**Instructions to follow:**
Every line below must come back exactly as it stands, with the images omitted.

++++ Stored data ++++

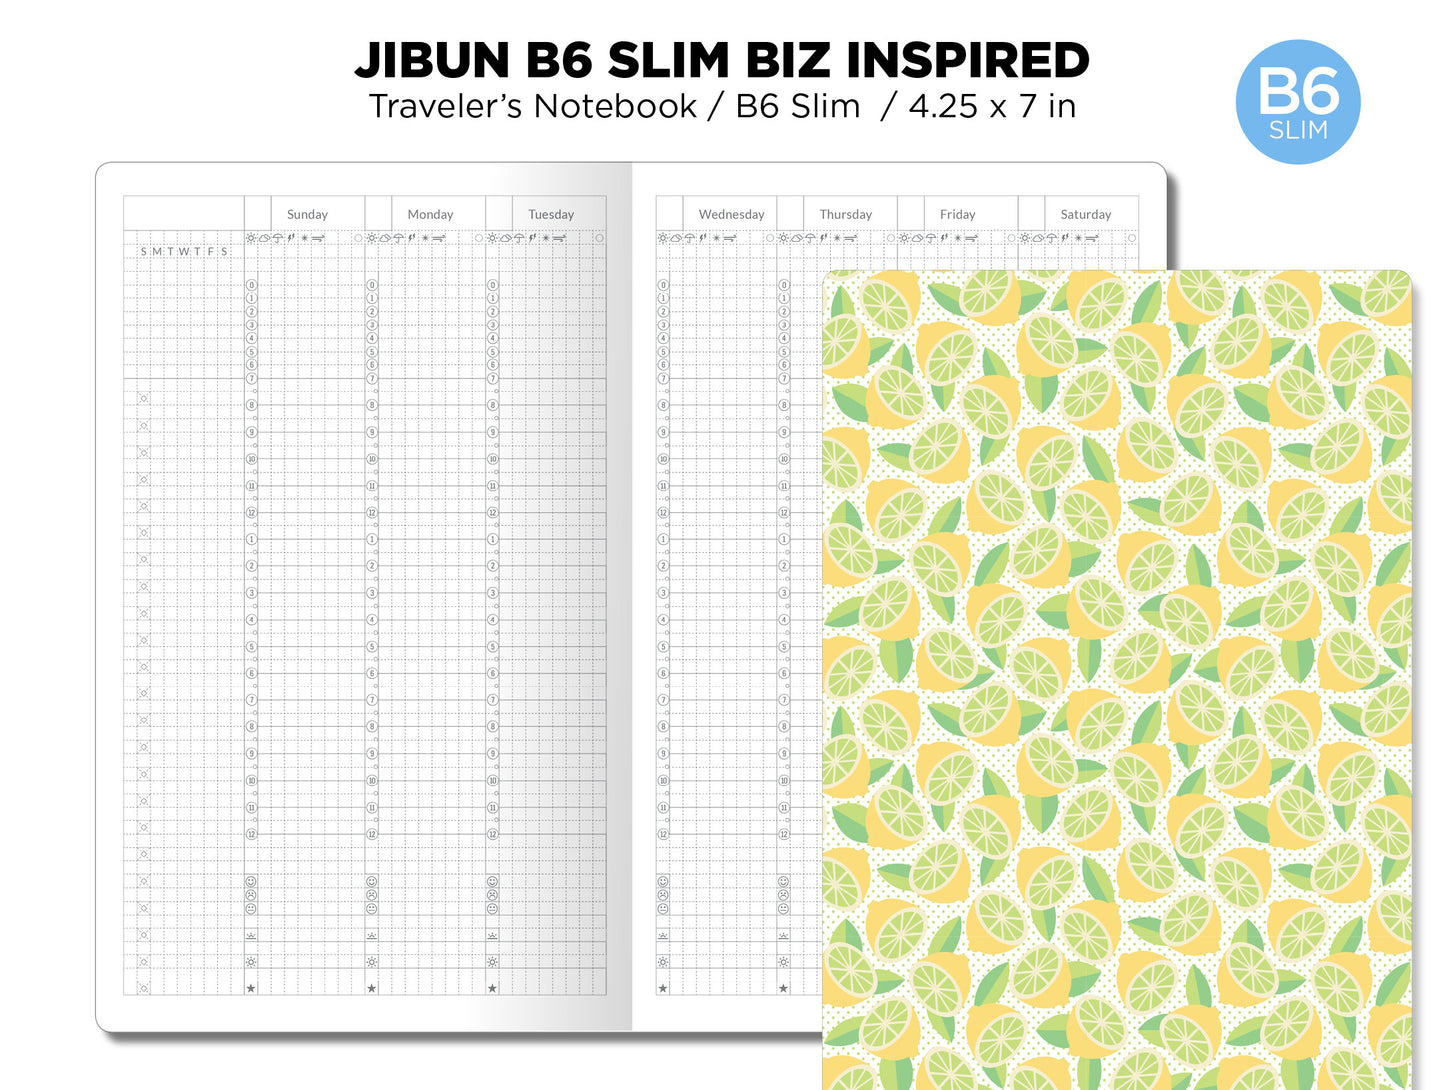 B6 Slim JIBUN Biz Weekly GRID Traveler's Notebook Vertical Japanese Planner Inspired Functional Printable Insert
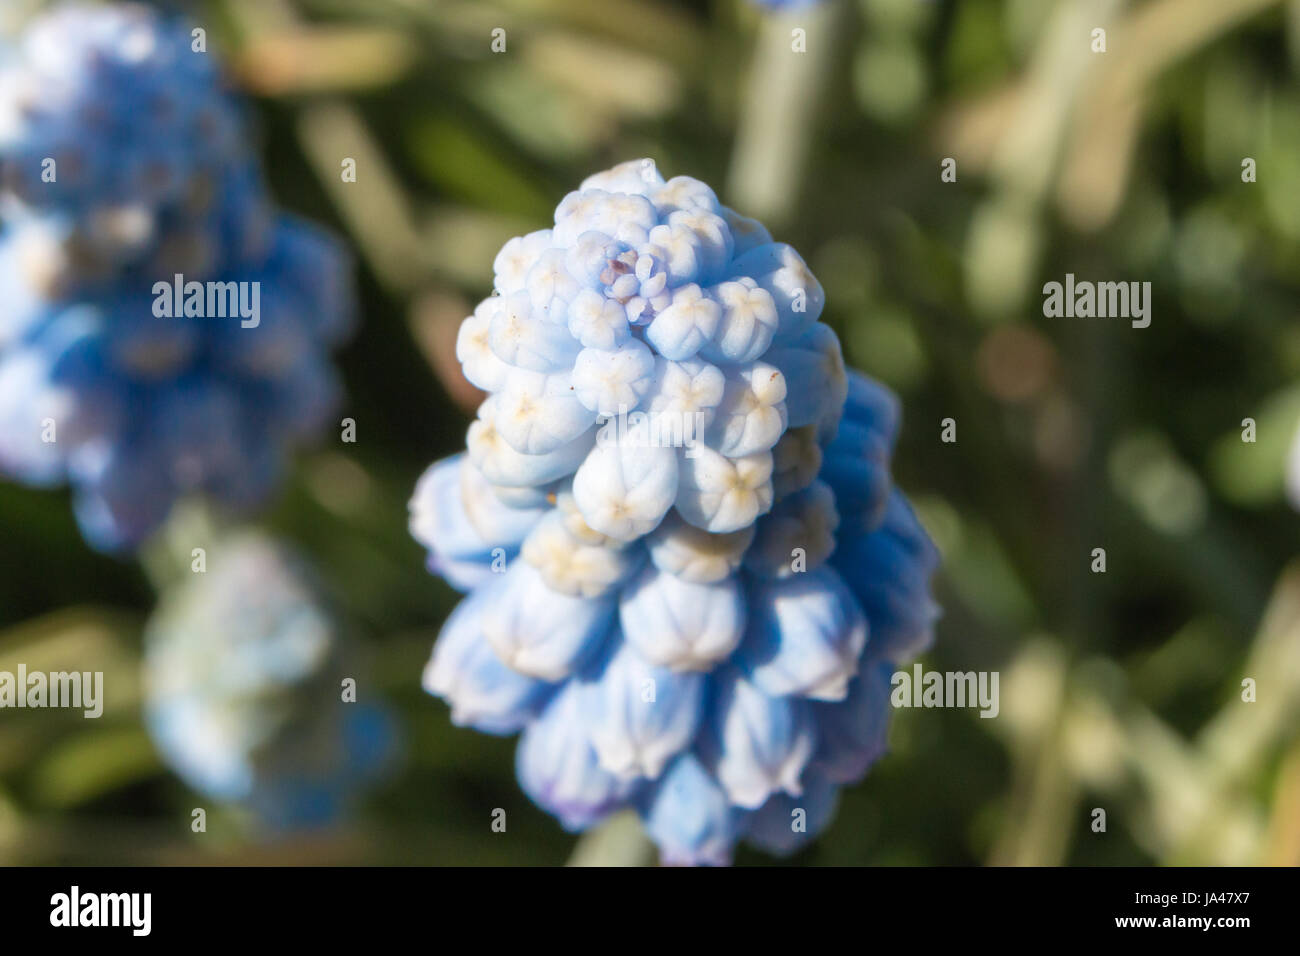 Muscari flowers Blue Magic aucheri macro view Stock Photo
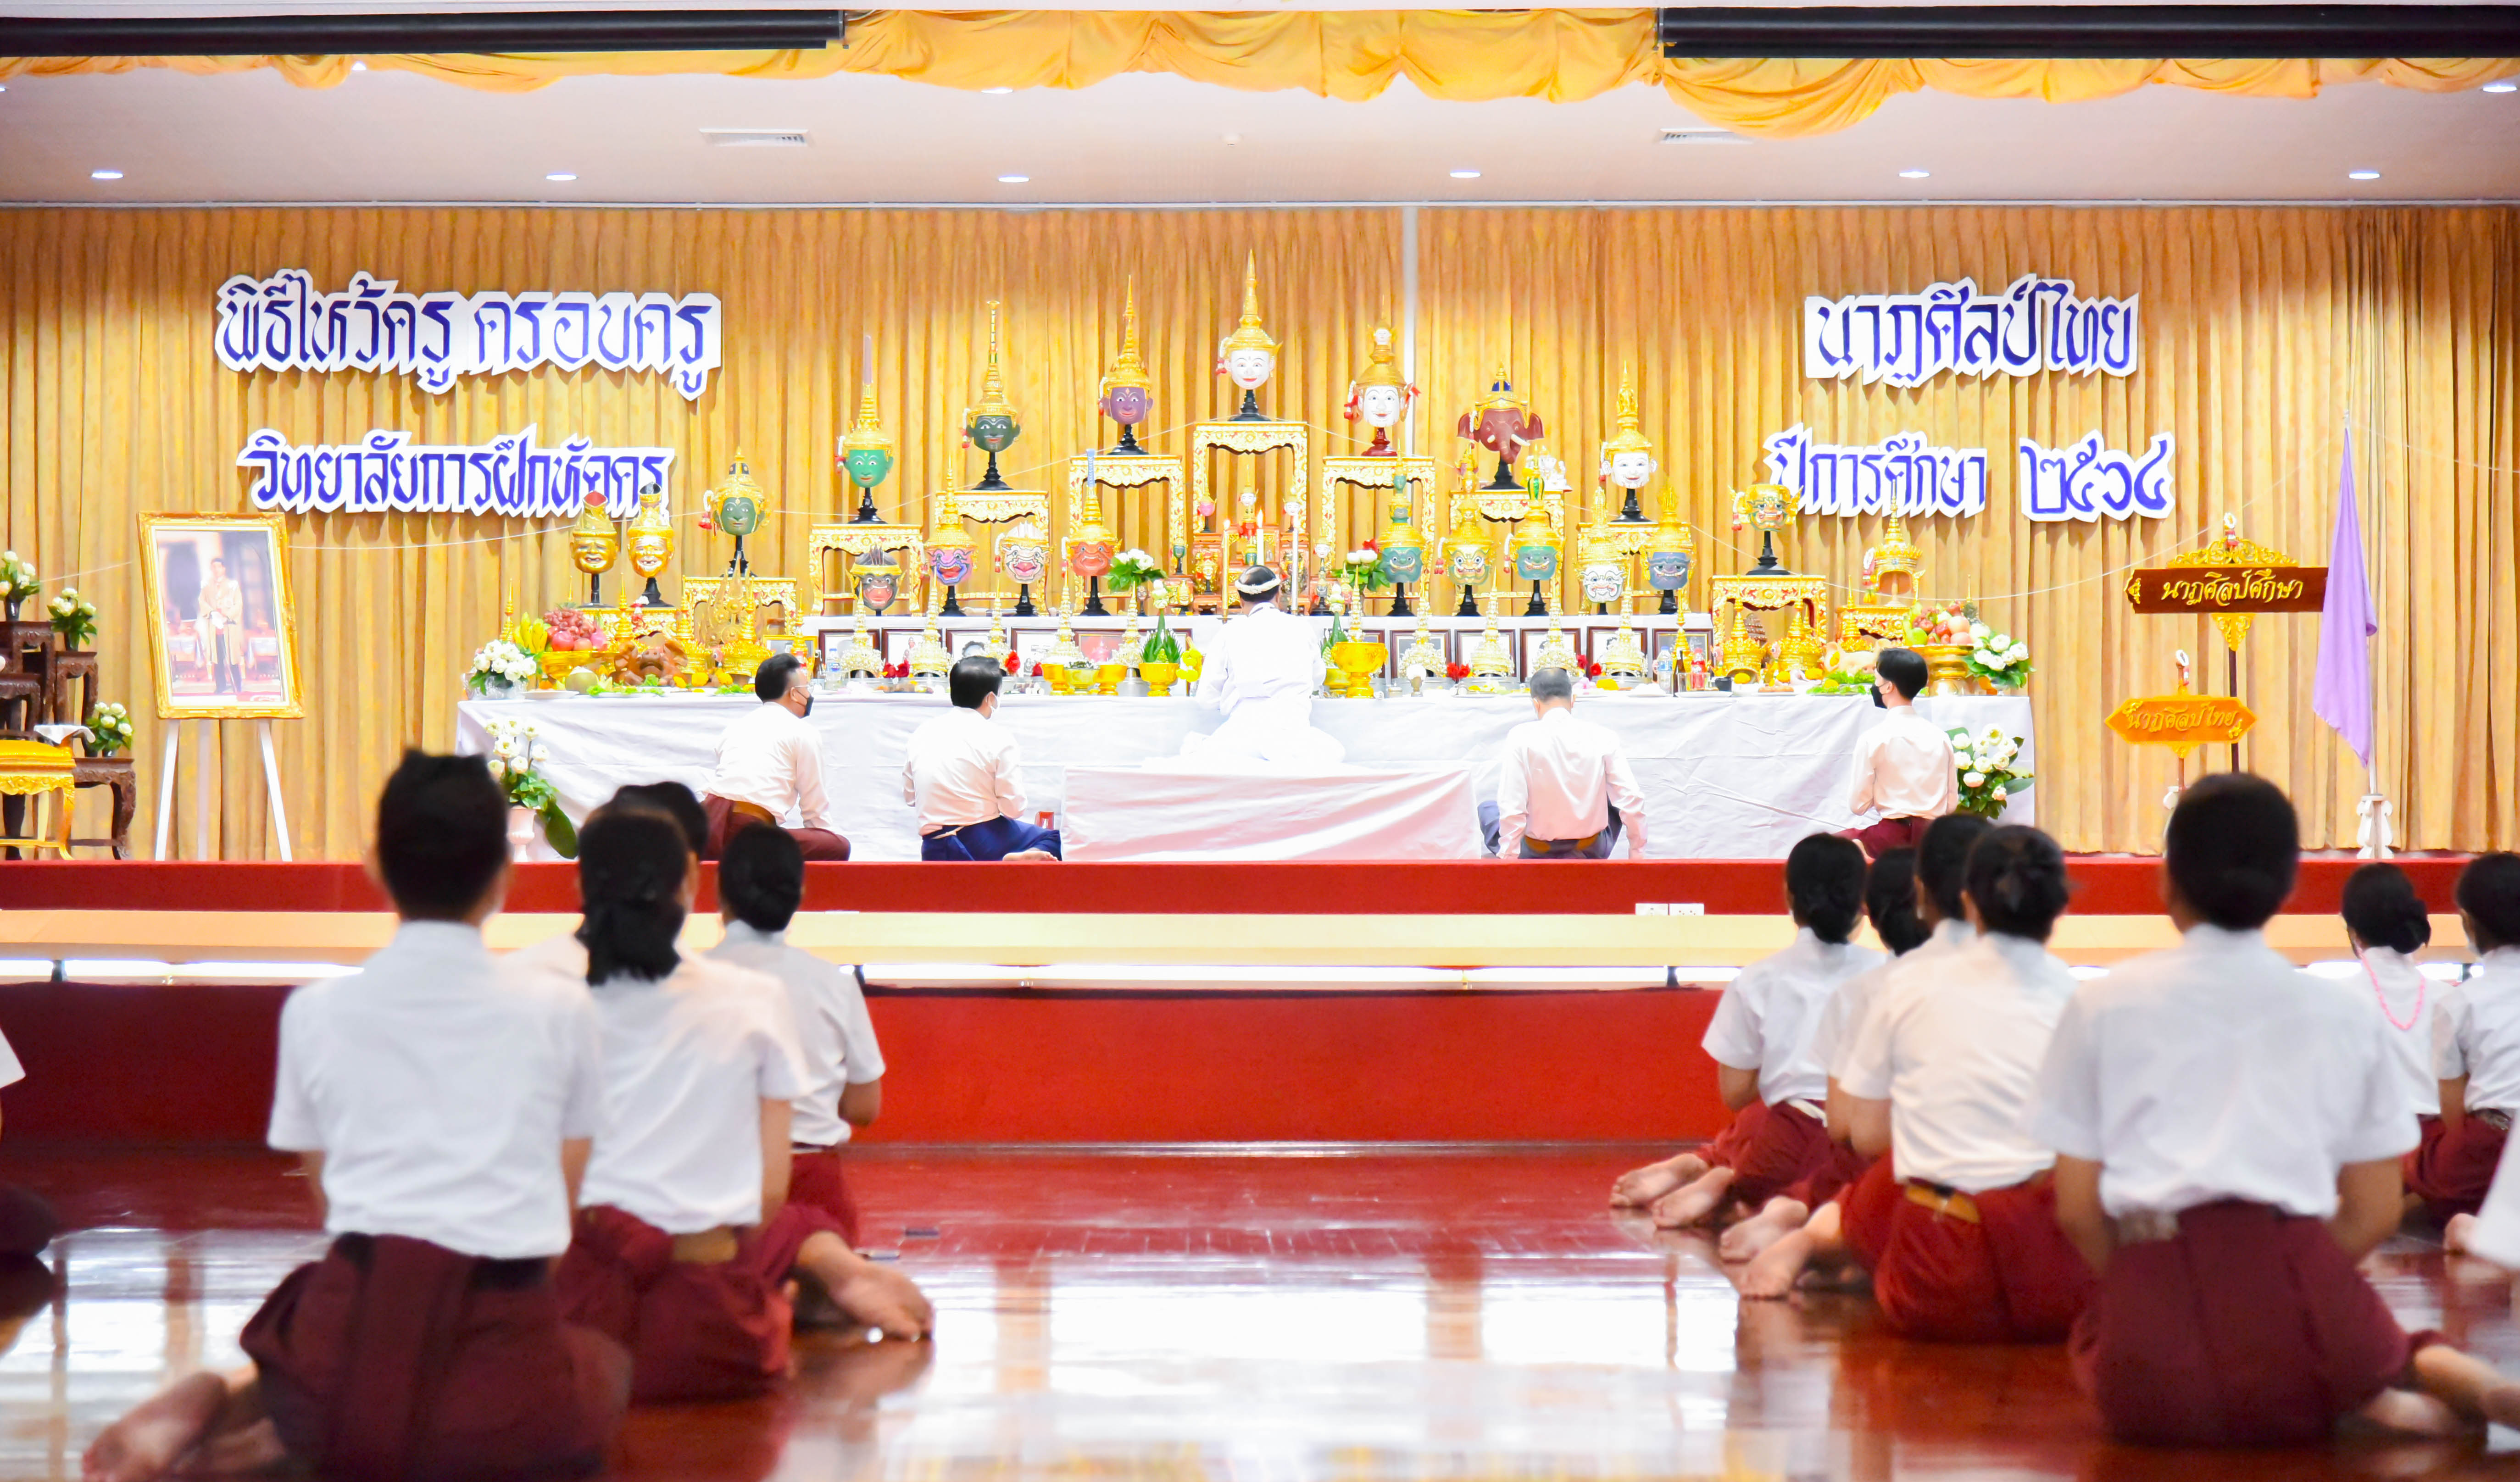 วันที่ 17 มีนาคม 2565 สาขาวิชานาฏศิลป์ศึกษา วิทยาลัยการฝึกหัดครู จัดพิธีไหว้ครู ครอบครูนาฏศิลป์ไทย ประจำปี 2556 ณ หอประชุมพิฆเนศวร มหาวิทยาลัยราชภัฏพระนคร ได้รับเกียรติจาก ผู้ช่วยศาสตราจารย์ ดร.ศศิธร

++++

**Task response:**
 B6 Slim JIBUN Biz Weekly GRID Traveler's Notebook Vertical Japanese Planner Inspired Functional Printable Insert
 Muscari flowers Blue Magic aucheri macro view Stock Photo
 วันที่ 17 มีนาคม 2565 สาขาวิชานาฏศิลป์ศึกษา วิทยาลัยการฝึกหัดครู จัดพิธีไหว้ครู ครอบครูนาฏศิลป์ไทย ประจำปี 2556 ณ หอประชุมพิฆเนศวร มหาวิทยาลัยราชภัฏพระนคร ได้รับเกียรติจาก ผู้ช่วยศาสตราจารย์ ดร.ศศิธร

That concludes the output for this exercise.